*** Block opens ***

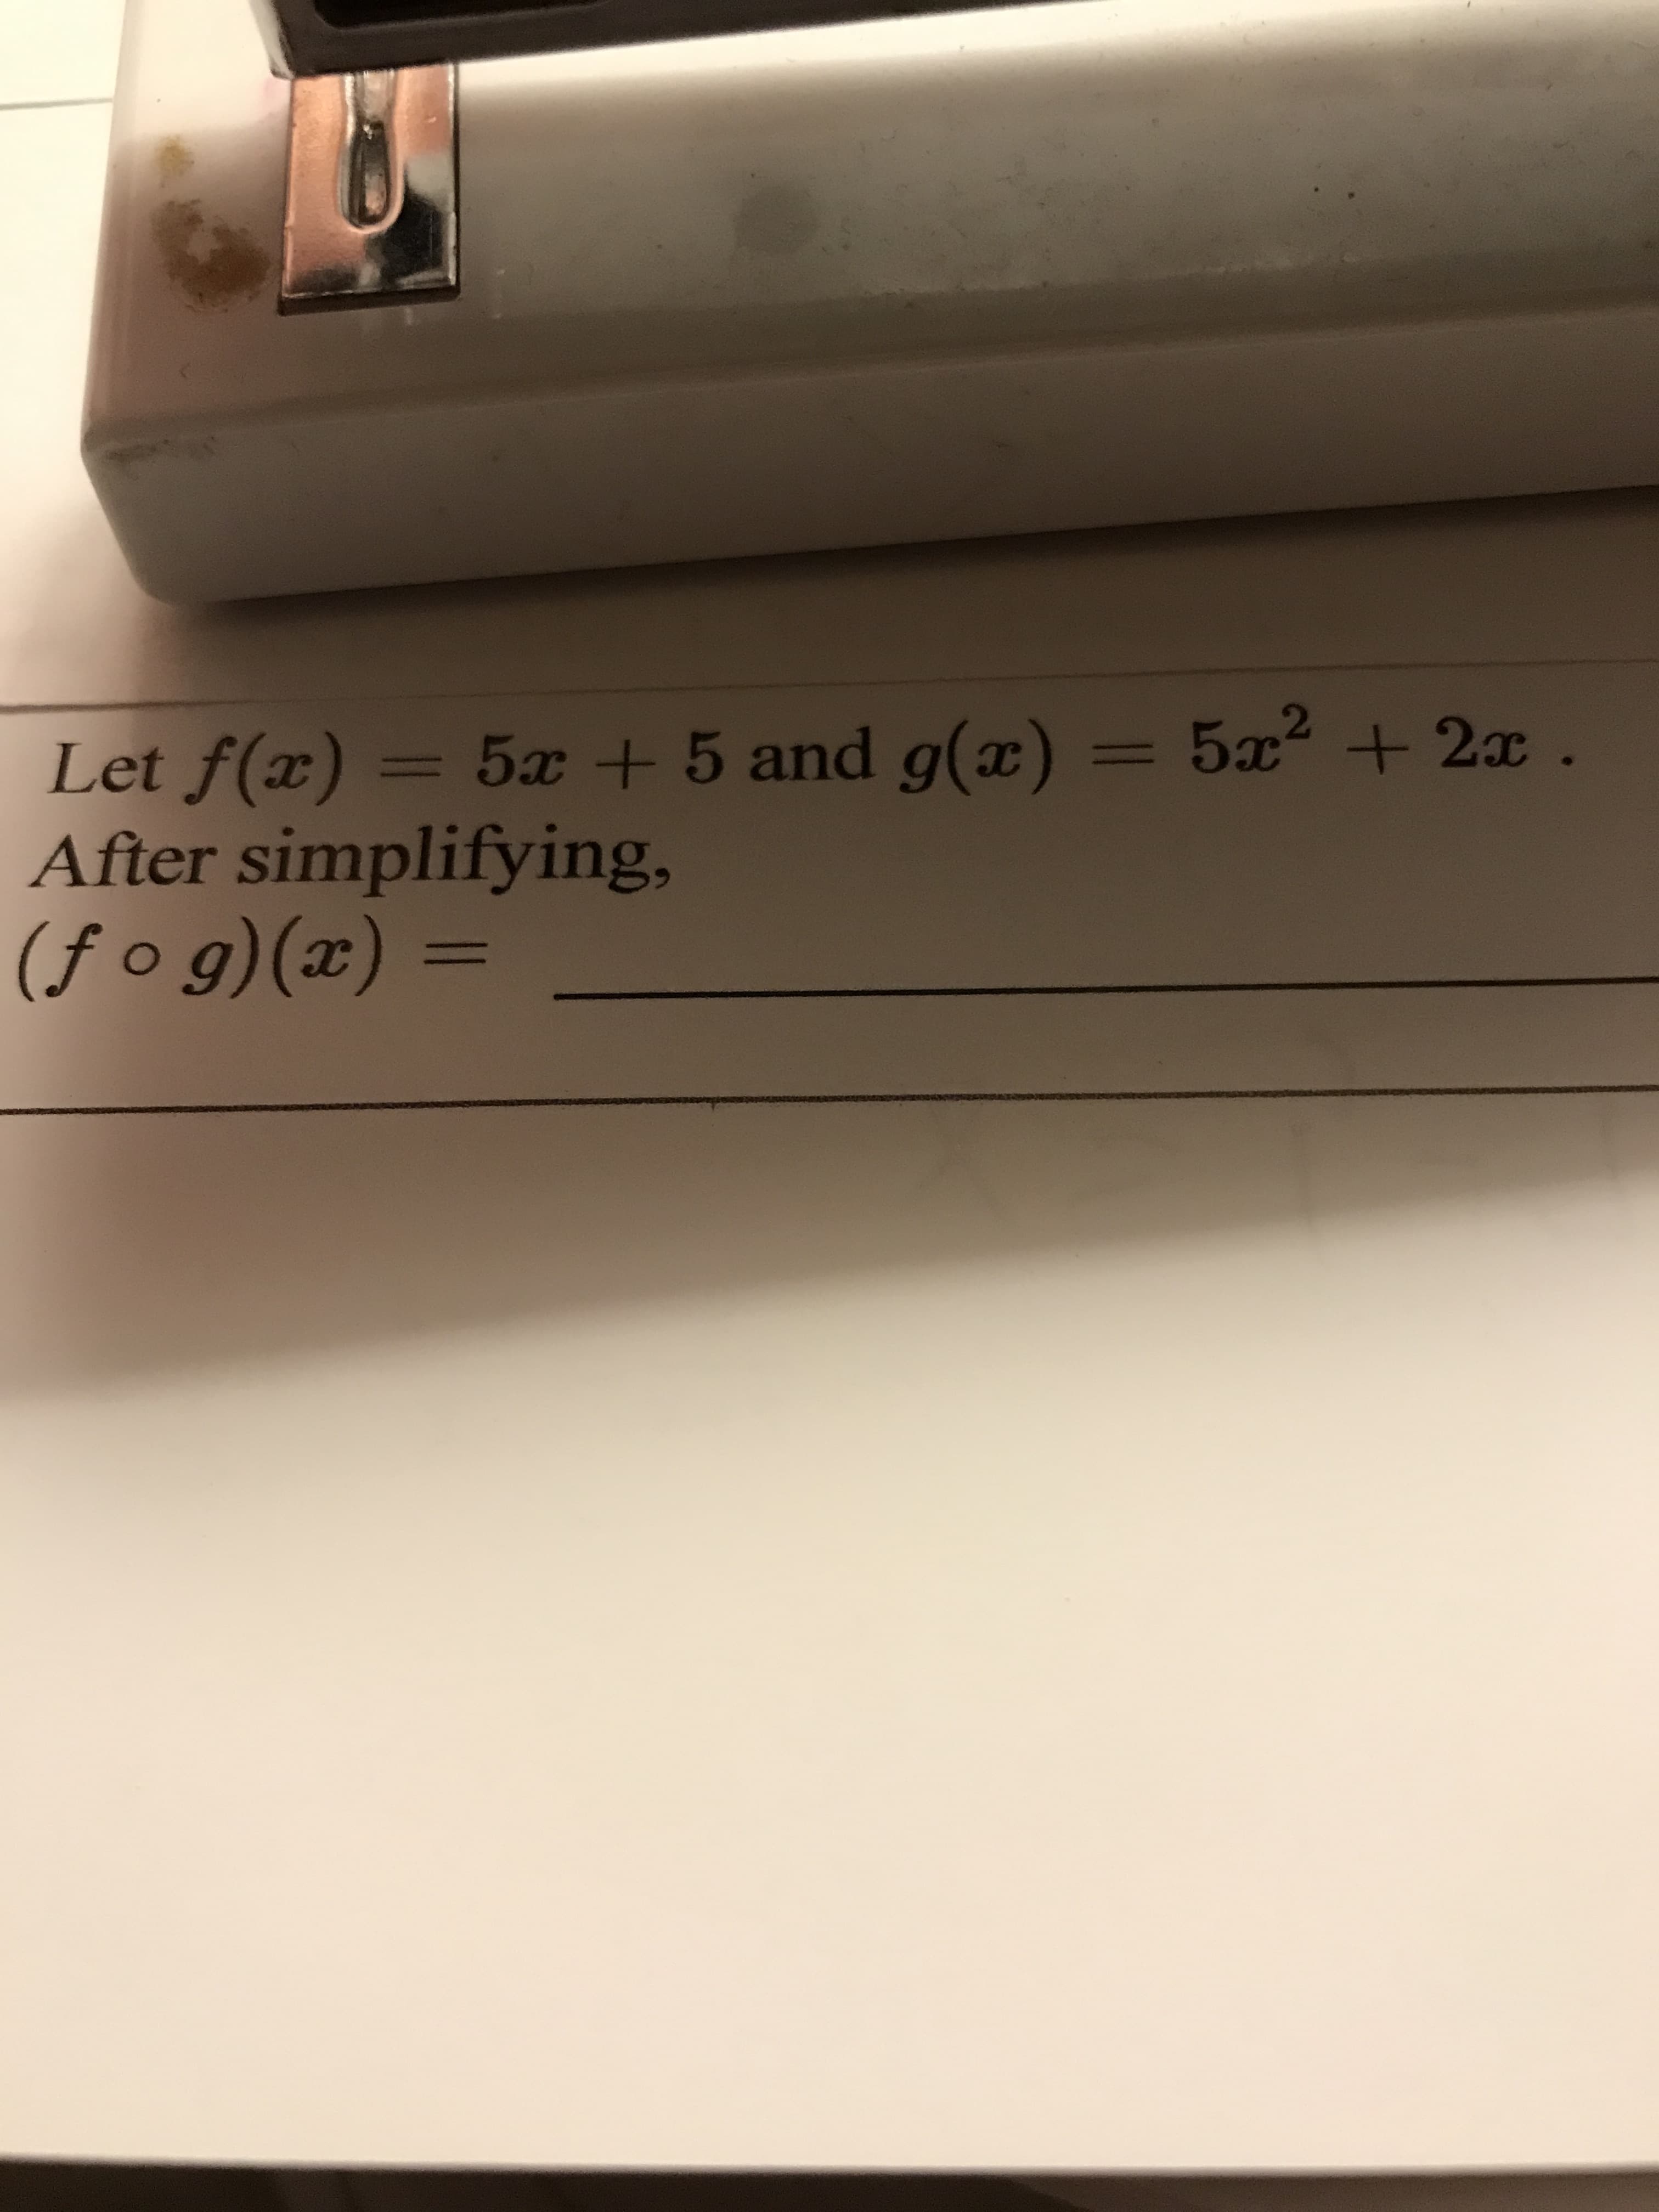 Let f(x) = = 5x2 + 2x.
After simplifying,
(f o g)(x) =
5x +5 and g(x)
%3D
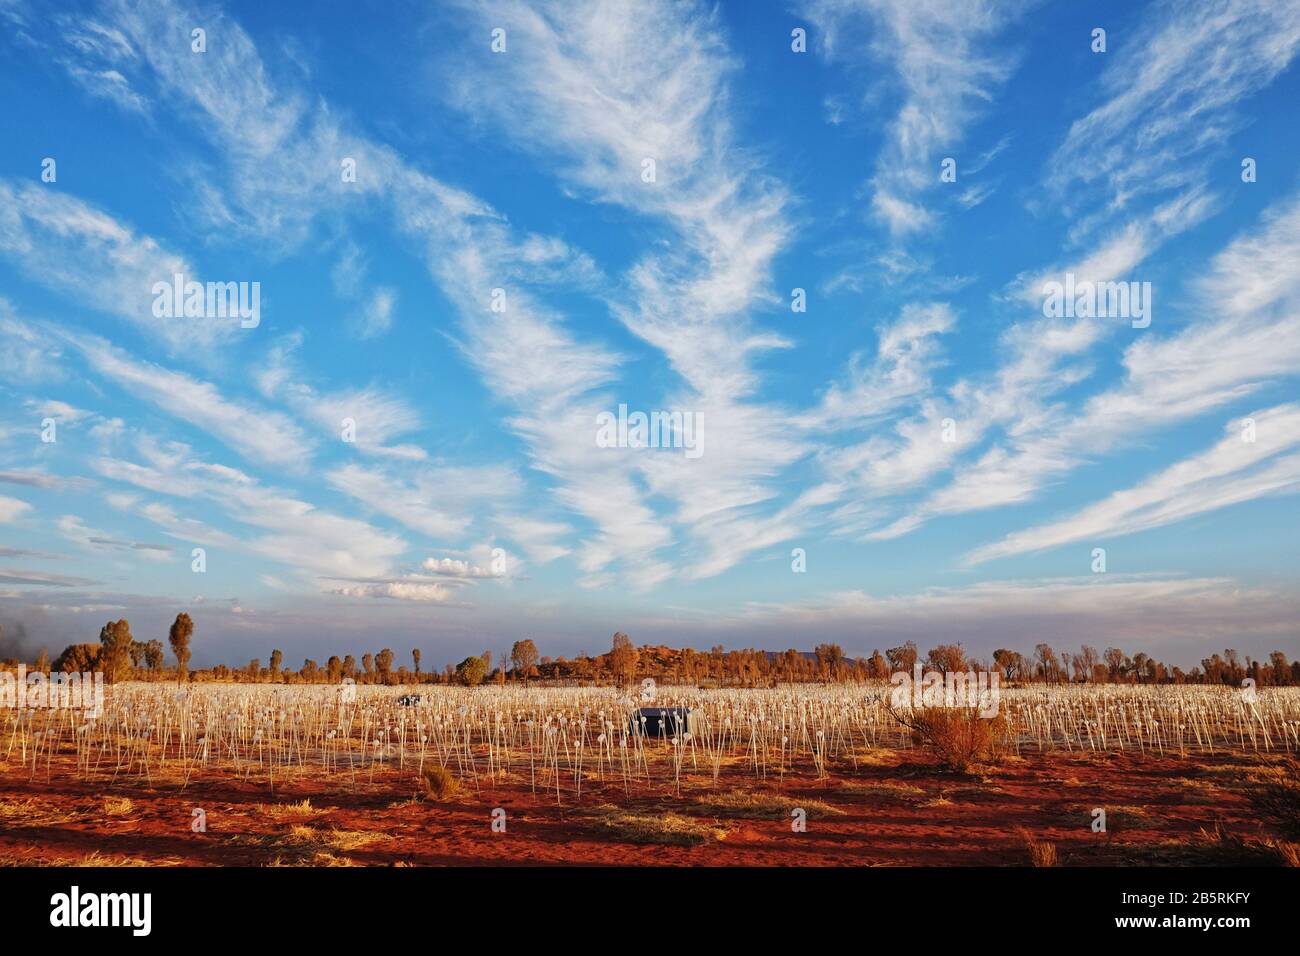 Federähnliche Zirruswolken über dem Himmel, das Feld des Lichts mit niedrigen Hügeln und Desert Oaks, während die Sonne lange Schatten über roten Boden wirft, N.T., Australien Stockfoto
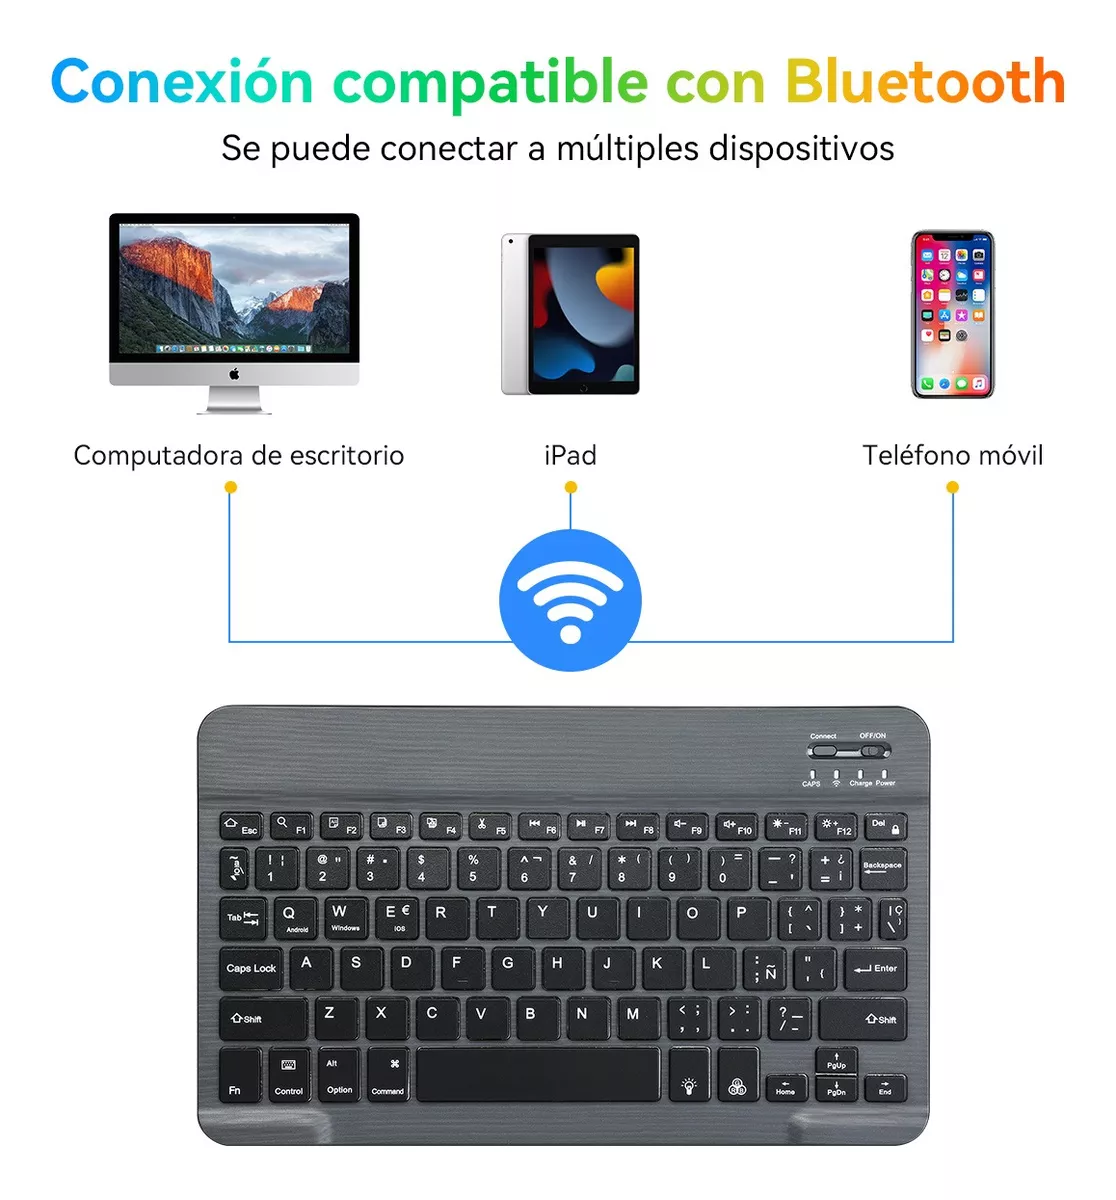 Combo de teclado y mouse Bluetooth, teclado inalámbrico portátil recargable  para Apple iPad, iPhone, iOS 13 y superior, Samsung, tableta, teléfono
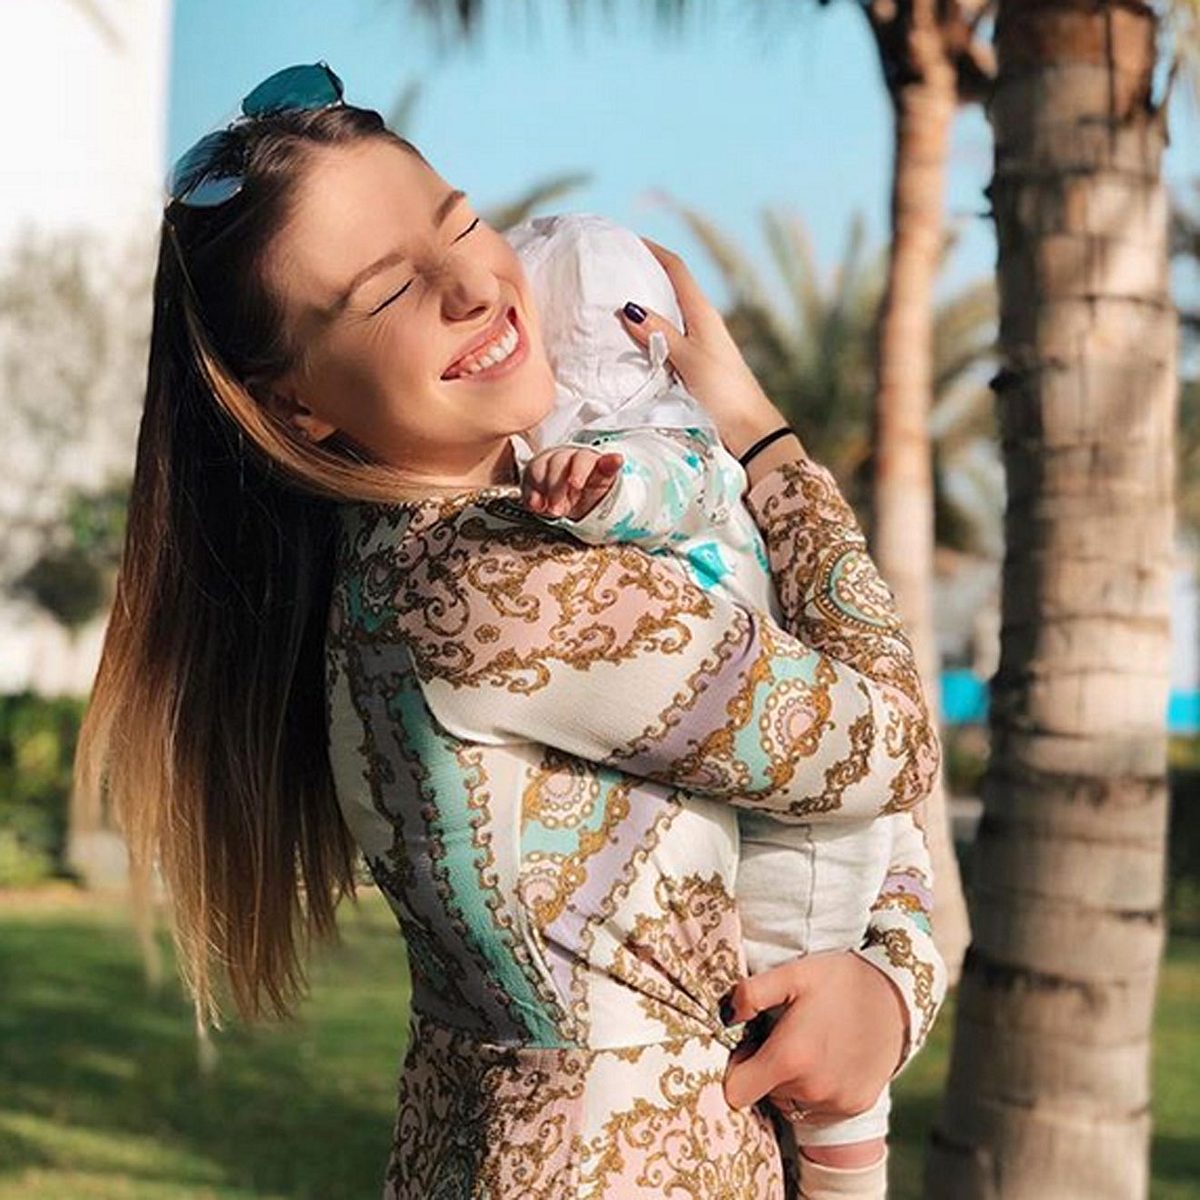 Bibis Beauty Palace liebt ihr Baby über alles

*** Block closes ***

Instructions for the task: Your task is an exact printout of the records above, with no pictures.

Response area:
 Let f(x) = = 5x2 + 2x.
After simplifying,
(f o g)(x) =
5x +5 and g(x)
%3D
 Federähnliche Zirruswolken über dem Himmel, das Feld des Lichts mit niedrigen Hügeln und Desert Oaks, während die Sonne lange Schatten über roten Boden wirft, N.T., Australien Stockfoto
 Combo de teclado y mouse Bluetooth, teclado inalámbrico portátil recargable  para Apple iPad, iPhone, iOS 13 y superior, Samsung, tableta, teléfono
 Bibis Beauty Palace liebt ihr Baby über alles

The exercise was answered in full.